At Salomon I was the credit market guy who explained to corporations what I thought they could get away with, but I had Paul Pilorz, Eric Lindenberg and Marty Leibowitz , all finance Phds, running interference on the theoretical considerations; Marty, of course, is probably the most published finance academic in the world. M&M makes enormous assumptions and, as a result it’s of limited value. Markets are made by (often irrational) people, not mathematical formulas and, as result there are at times significant inefficiencies to be found. This in one of those times. For whatever reasons (Fed action, investor fear, unrepatriated earnings looking for a home, etc) real interest rates are very low and equity risk premiums are very high. As I’ve noted to Simon, equities seem to be valued as if long Treasuries are trading at 6%, a level they may well attain over the next three to five years. As a result there appears to be an opportunity for conservatively financed companies to enhance shareholder value. Let’s use MSFT as a real life example using today’s market parameters with one important caveat – their business will experience at least modest long-term organic growth (otherwise I’d advise them to use their equity as currency to make acquisitions). I’ll use short hand – investment grade credit spreads average 140 basis points over Treasuries. We’ll finance at plus 200 and constrain the leverage at roughly 2X cash flow. This allows for $66 billion of financing in half a dozen tranches from 5’s to 20’s. Add $40 billion of cash (after repatriation haircut), and I’d advise management to tender for three billion shares at $35. If we get this far, we’re left with 5.4 billion shares outstanding earning around $4.25 each. Less than 4% of the Value Line 1700 trade at a PE of less than 8.0 and most of those companies have a lot of hair on them. I think this stock trades at at least $35 and maybe even at a higher multiple than before the financial engineering. In this case the financial engineering itself signals important information to the market that management has confidence in it’s business (an element that seems to be lacking in the current valuation).

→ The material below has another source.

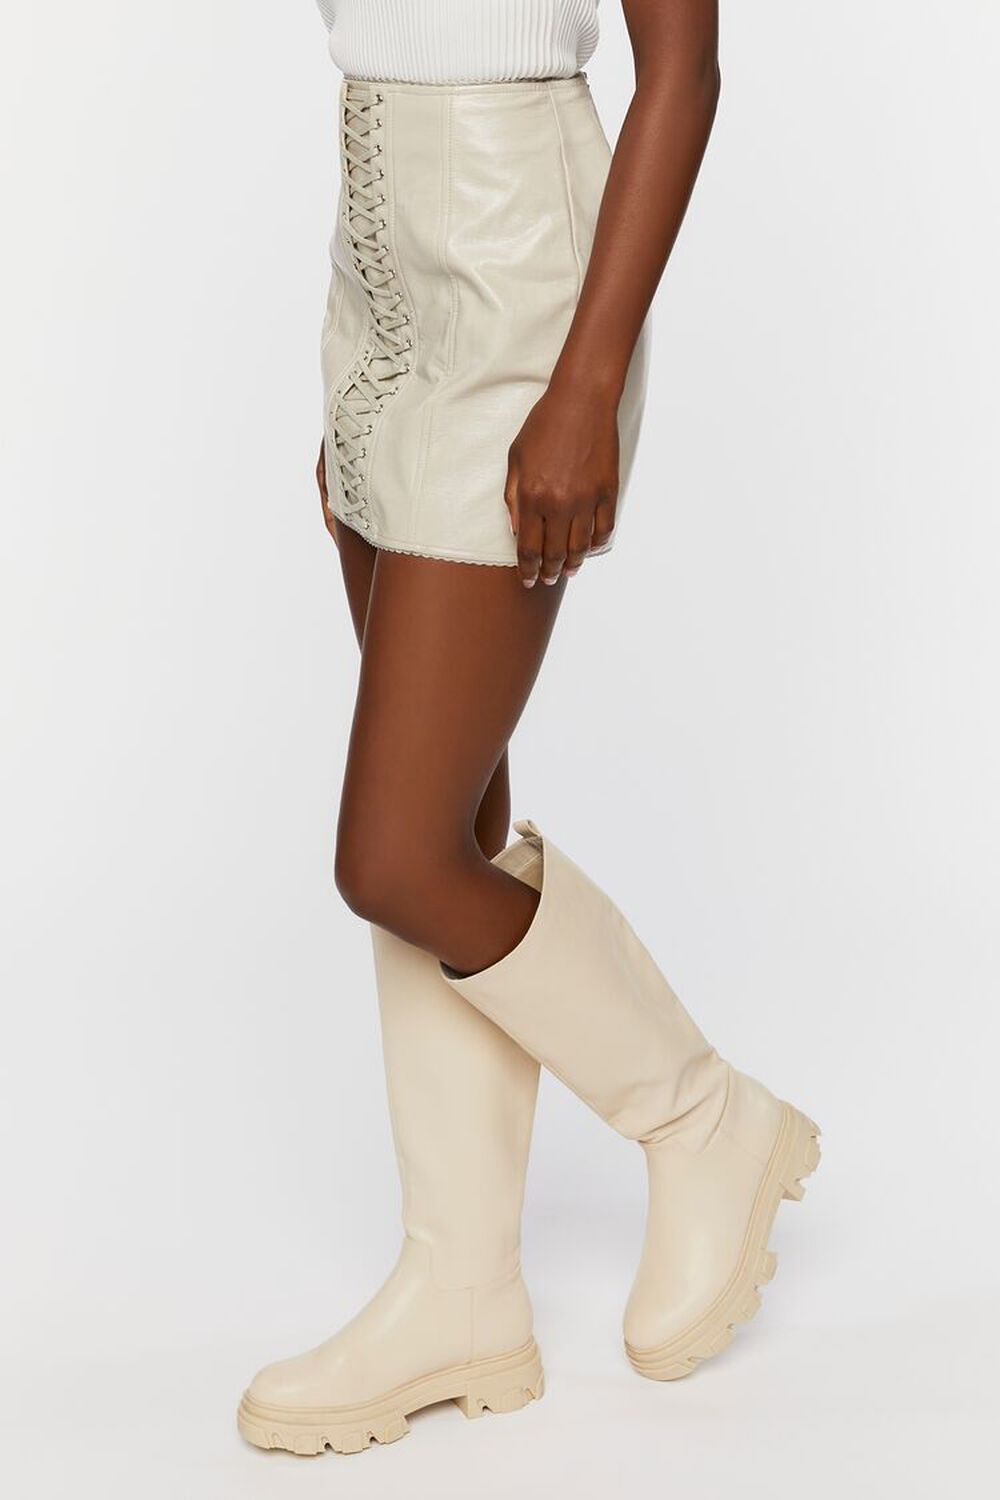 BEIGE Faux Leather Lace-Up Mini Skirt, image 3
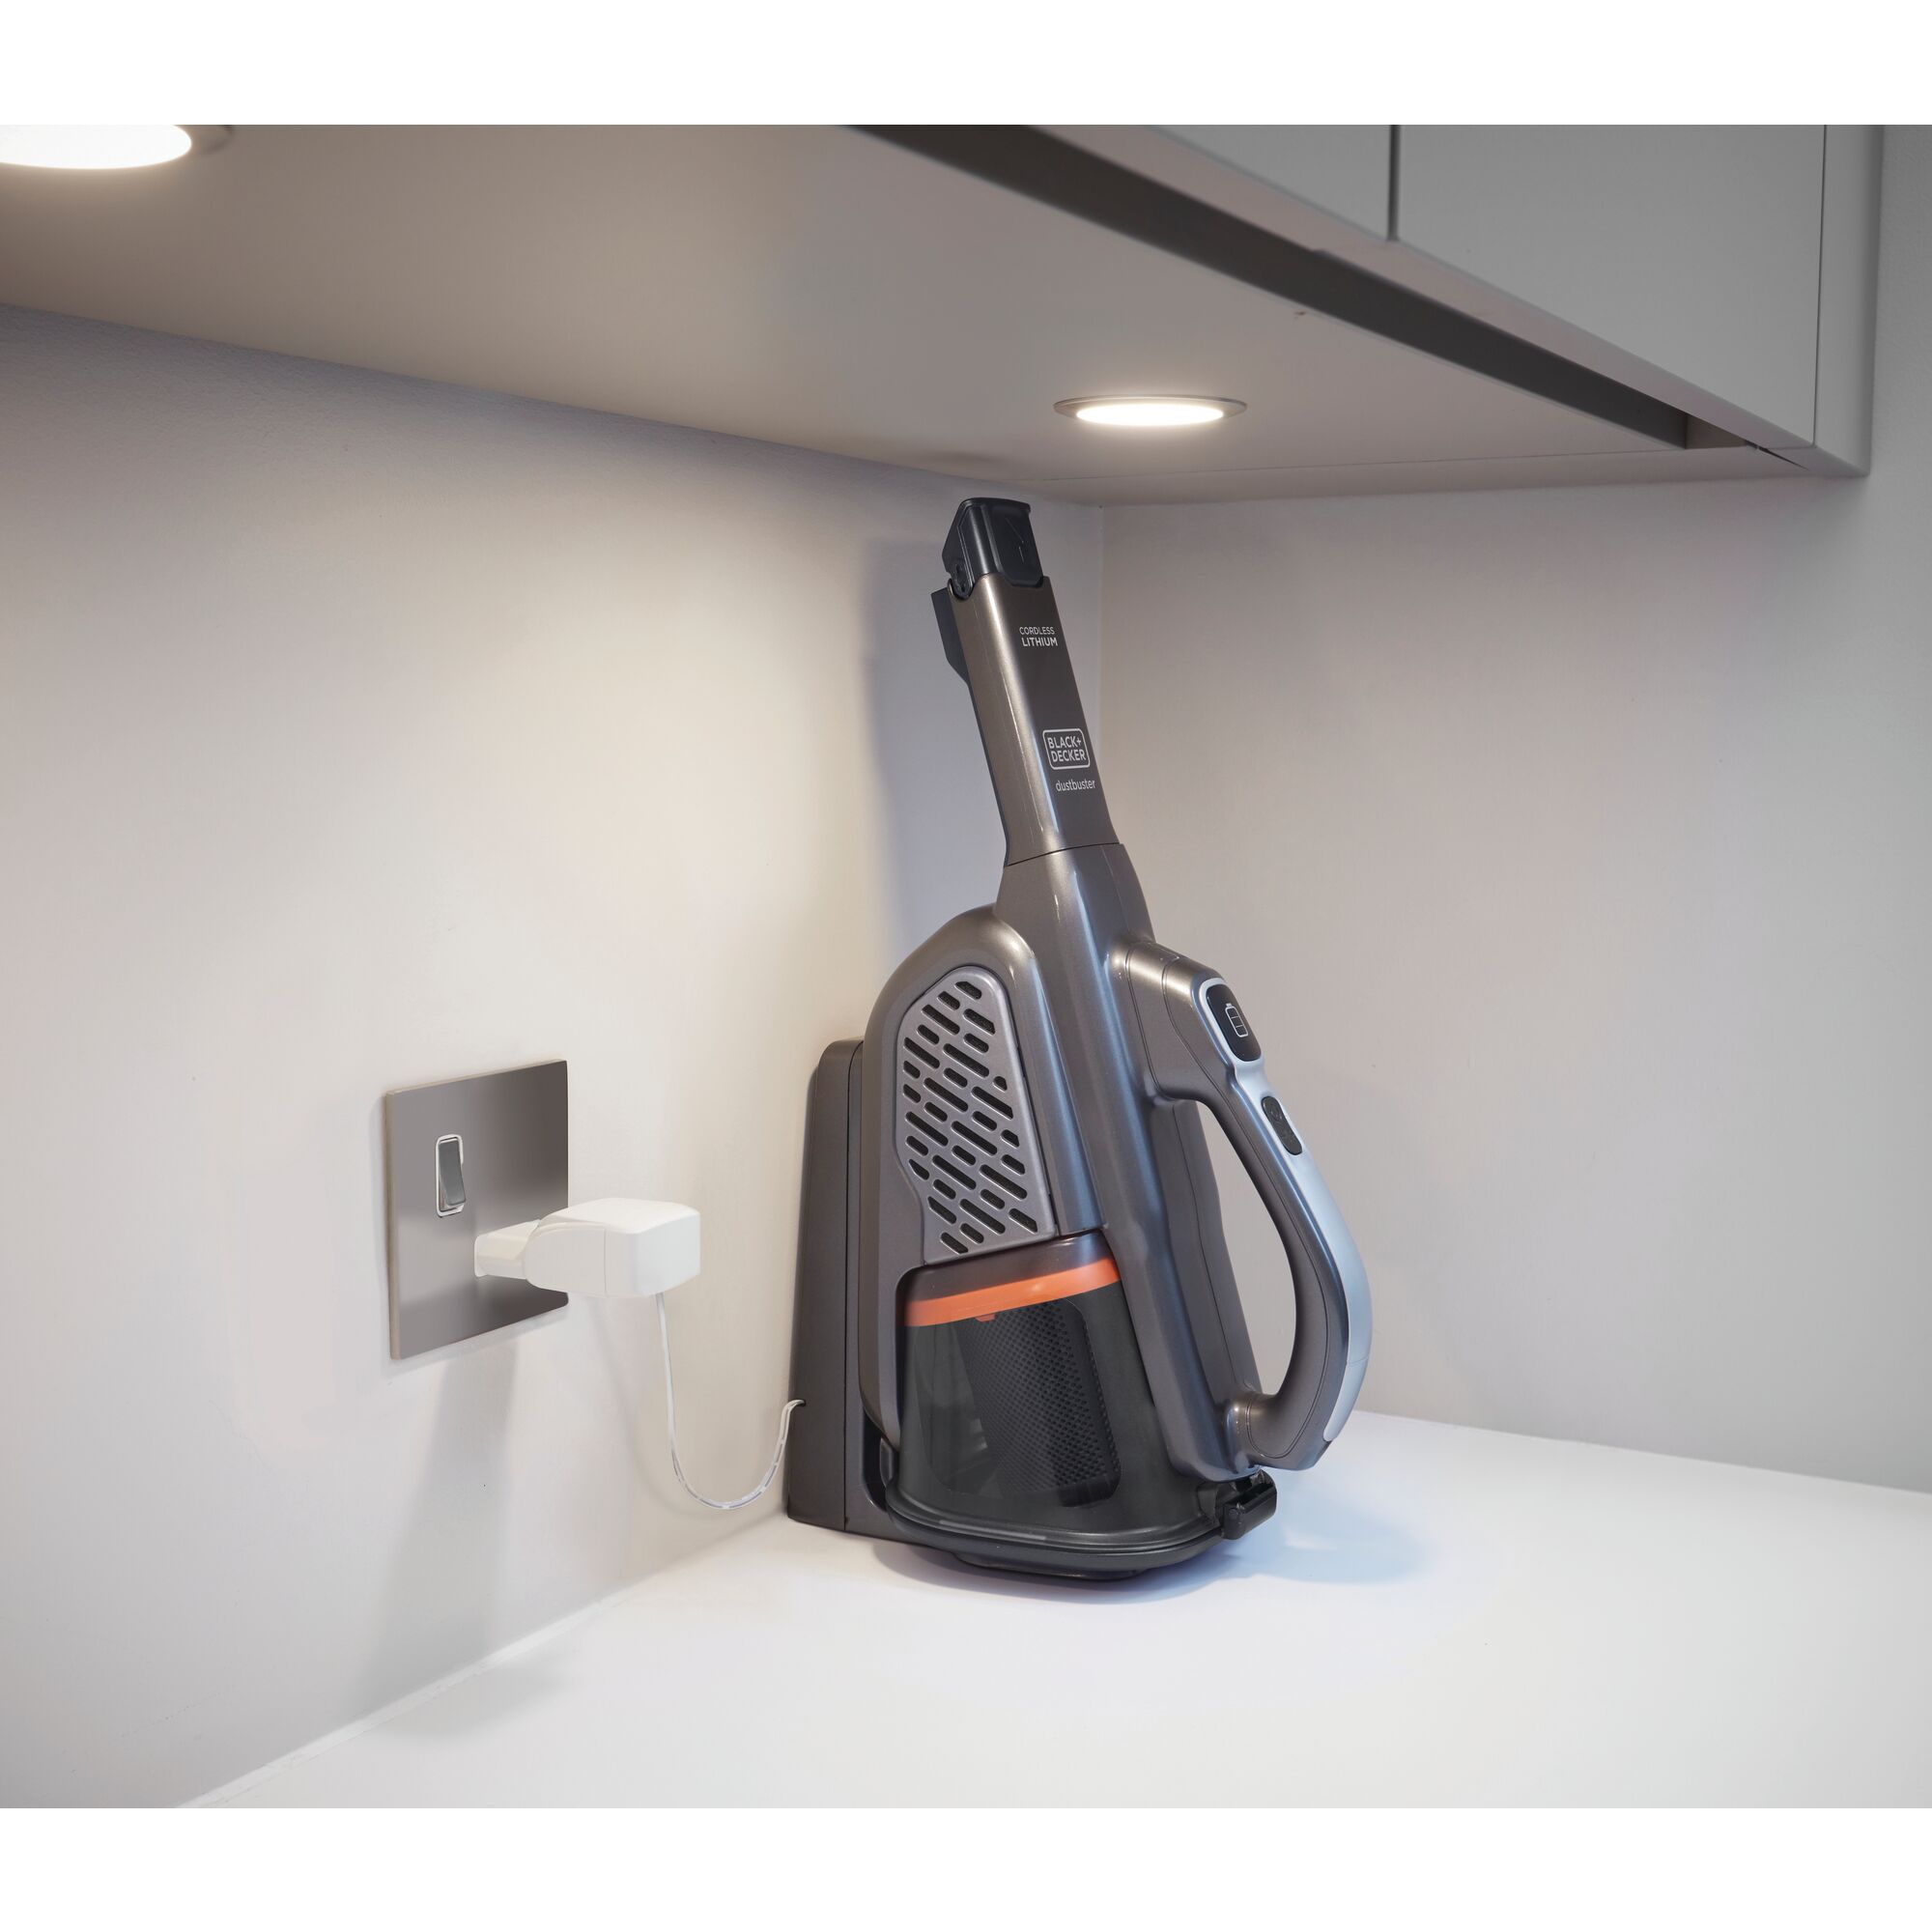 Wall mountable base charger feature of 16 volt MAX dustbuster Advanced Clean hand vacuum.

It’s funny Roger brings up the point about inefficient markets – as that is exactly what goes through my mind when I see (very valid) discussions like this. Financial engineering in reasonably efficient markets should not create investor value, yet here we sit with ostensibly 2 examples (AAPL and MSFT) where just that sort of financial engineering should result in increased equity value to shareholders.